The Methods section is the meat of your statistical writing. It describes the data you used—often including graphs or summary tables to describe the amount of data and its basic features—along with the methods you used to answer the research questions. This includes any diagnostics necessary to justify your choice of methods, but it does not include the results of those analyses, which come in the next section.

Discussing methods without showing their results can feel odd, and it may feel artificial to discuss how you chose your approach without showing any results that justify it. But when writing for a non-technical audience, you can expect your readers to skip through most of the Methods section, perhaps only reading the captions of any interesting-looking tables and plots. In academic journals for general audiences, the Methods section is often printed in smaller font or at the end of the article, because most readers are assumed not to care! Separating Methods and Results hence allows technical readers to get the detail they want, while other readers skip to the Results to find out what you learned.

24.1.4 Results

The Results section contains your main findings and results. First you will show the results of your analysis, giving any necessary tables, figures, and numerical results. Then your text will describe these results and comment on what they mean.

24.1.5 Discussion

The Discussion summarizes your results and then puts them in context. Were there any limitations to the analysis that mean the results cannot perfectly answer the desired questions? Are there additional questions that still need to be answered? Based on these results, what conclusions can be drawn and what recommendations can you make?

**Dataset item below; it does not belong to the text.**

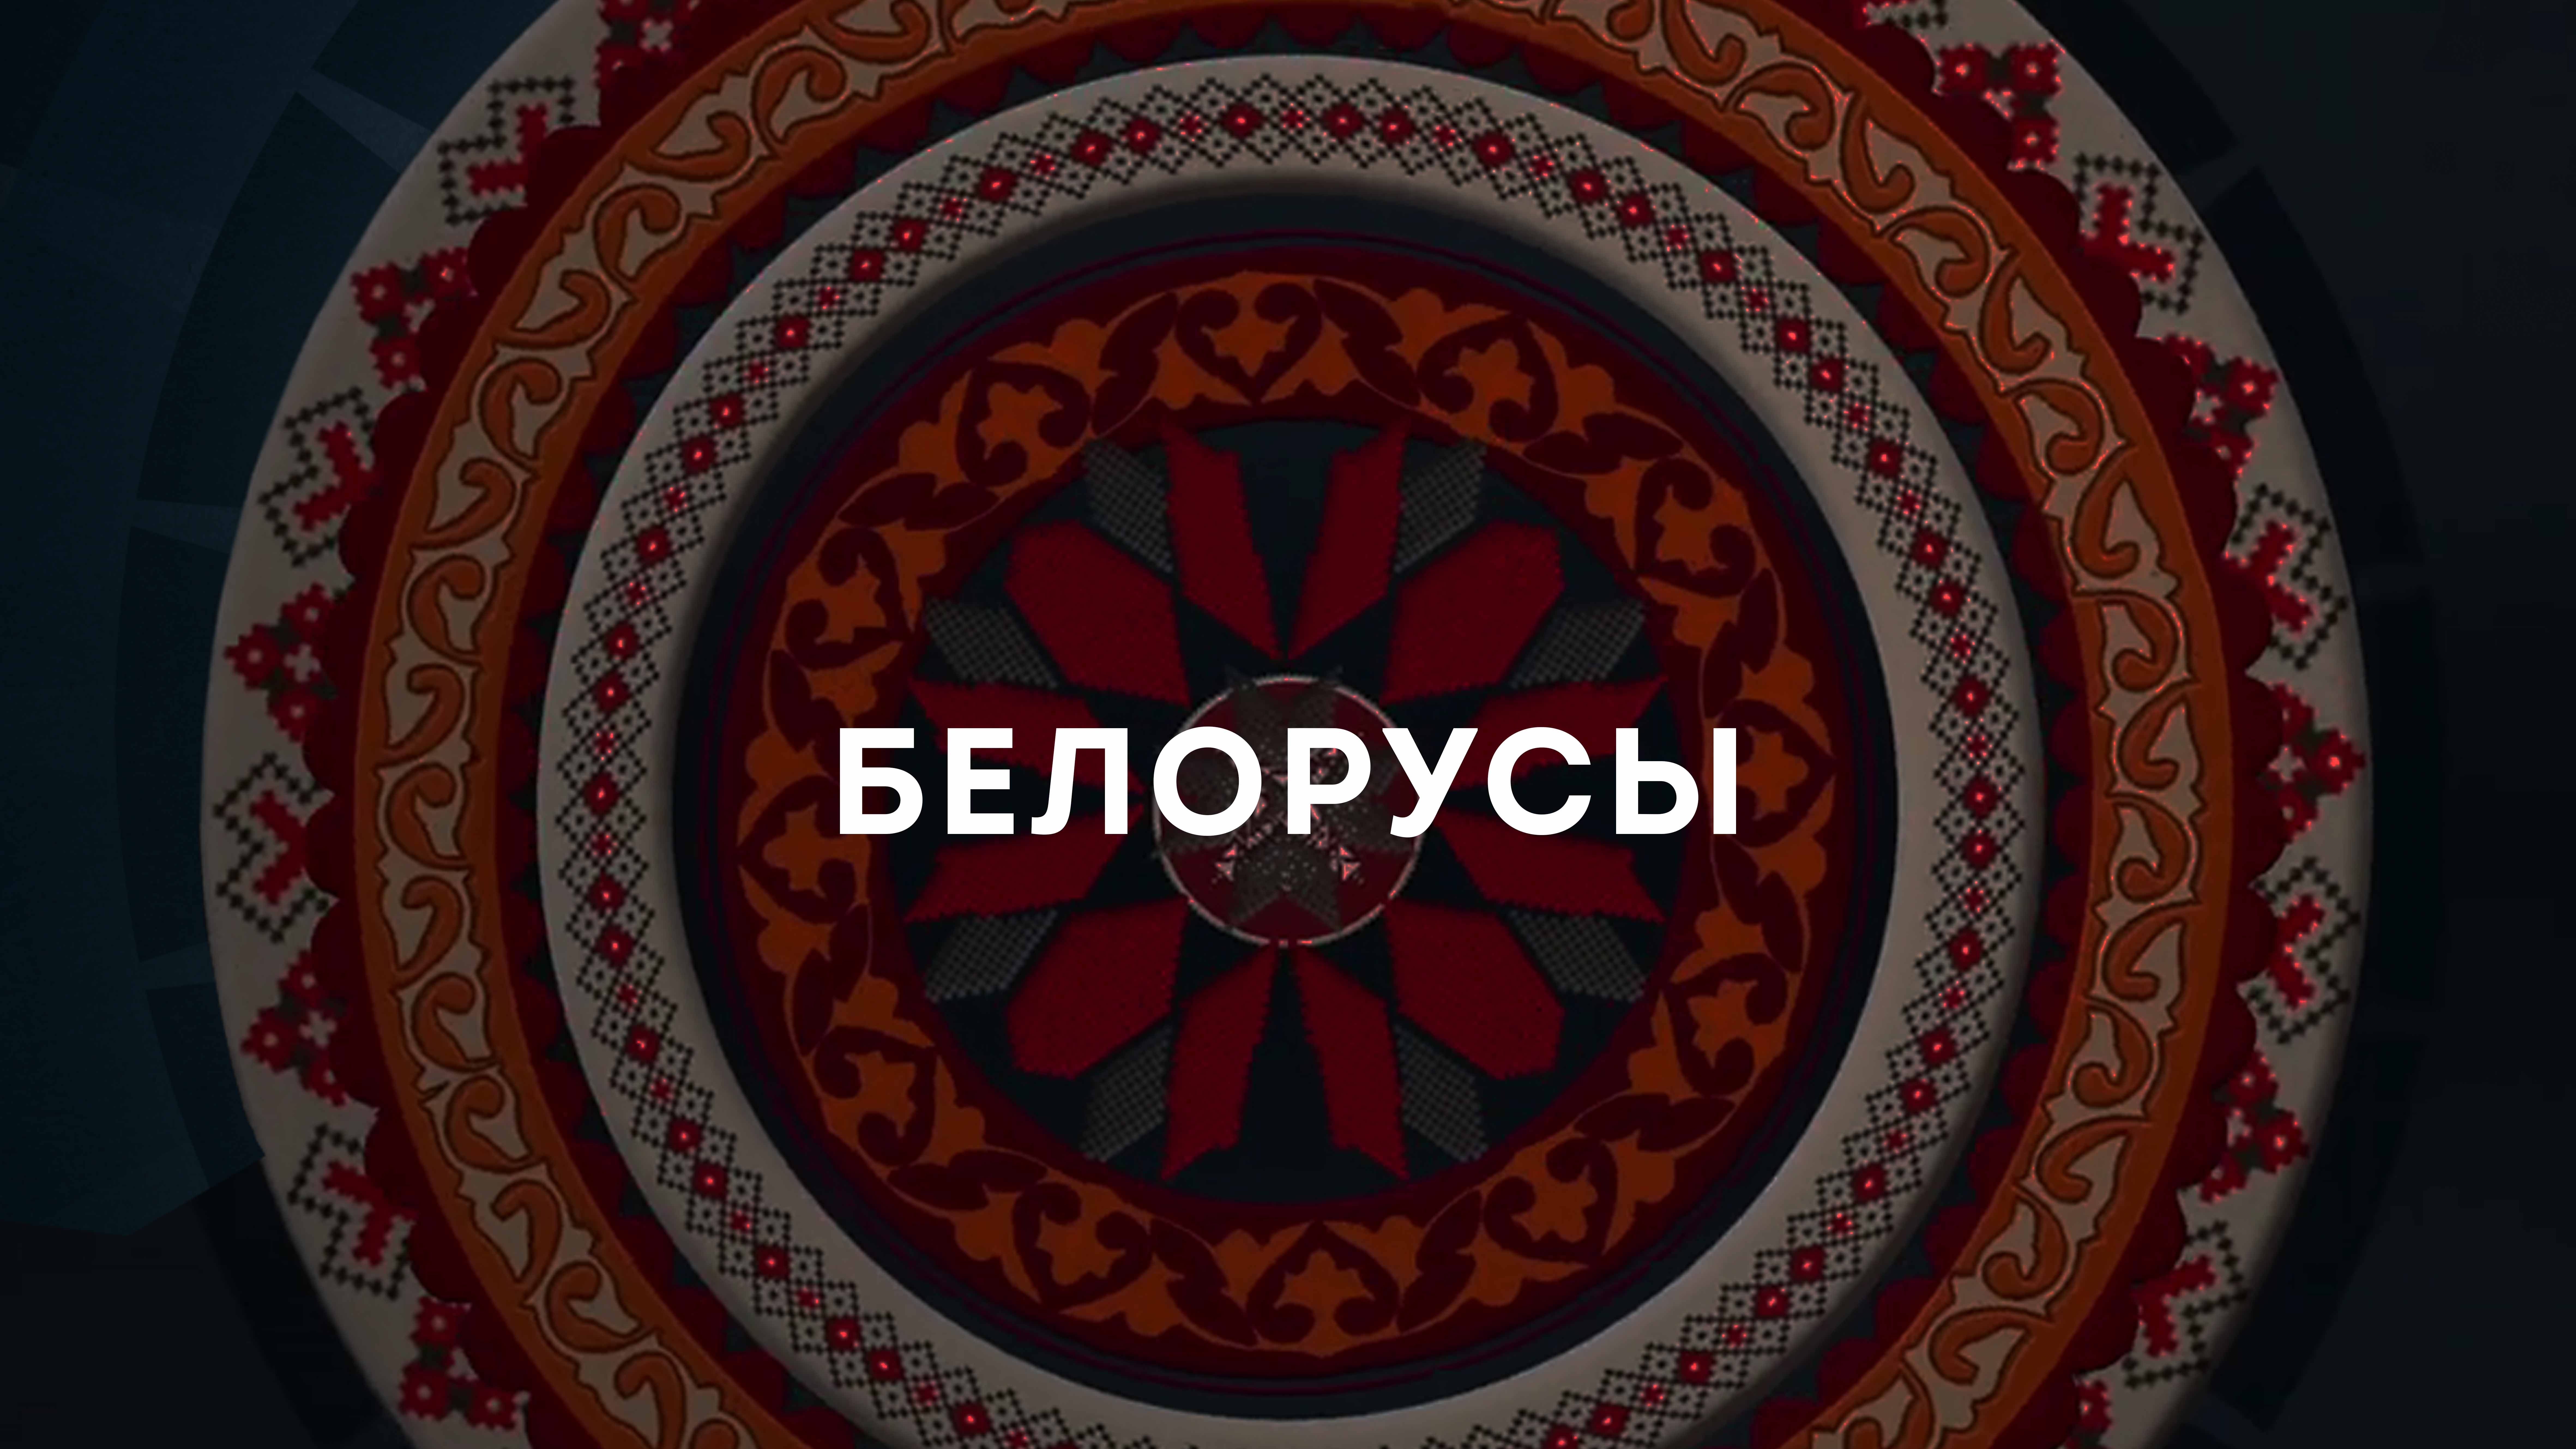 Видеоальманах Дружбы. Белорусы

You should expect that hurried readers will skim your abstract, look at a few plots or tables that look interesting, and then jump directly to the Discussion to know what they should take from your work. (Yes, they will completely skip your Introduction, Methods, and Results except for the cooler-looking plots.) Your Discussion should hence be readable on its own.

24.2 Writing style

24.2.1 First-person active vs. third-person passive

It is common for authors to write reports in the third person, using the passive voice to describe their own actions. For example, here’s a mock paragraph I constructed based on the study by Rosenbusch, Evans, and Zeelenberg (2022):

Throughout all studies, it was predicted that rater characteristics would be more predictive of amusement than joke characteristics given the low interrater reliabilities (i.e., high interrater variance in humor ratings) observed in past research. […] Four published datasets that employed crossed (Rater × Stimuli) designs were used, to isolate variance in amusement due to rater characteristics from variance due to material characteristics.

Compare that to how the authors actually described their study, which is much more direct:

Throughout all studies, we predicted that rater characteristics would be more predictive of amusement than joke characteristics given the low interrater reliabilities (i.e., high interrater variance in humor ratings) observed in past research. […] We used four published data sets that employed crossed (Rater × Stimuli) designs to isolate variance in amusement due to rater characteristics from variance due to material characteristics.

You will often see advice to avoid the first person “I” or “we” in academic writing, but that advice is wrong. As Rodell (1936) wrote about writing by legal scholars,

One of the style quirks that inevitably detracts from the forcefulness and clarity of law review writing is the taboo on pronouns of the first person. An “I” or “me” is regarded as a rather shocking form of disrobing in print. To avoid nudity, the back-handed passive is almost obligatory:—“It is suggested—,” “It is proposed—,” “It would seem—.” Whether the writers really suppose that such constructions clothe them in anonymity so that people can not guess who is suggesting and who is proposing, I do not know. I do know that such forms frequently lead to the kind of sentence that looks as though it had been translated from the German by someone with a rather meager knowledge of English.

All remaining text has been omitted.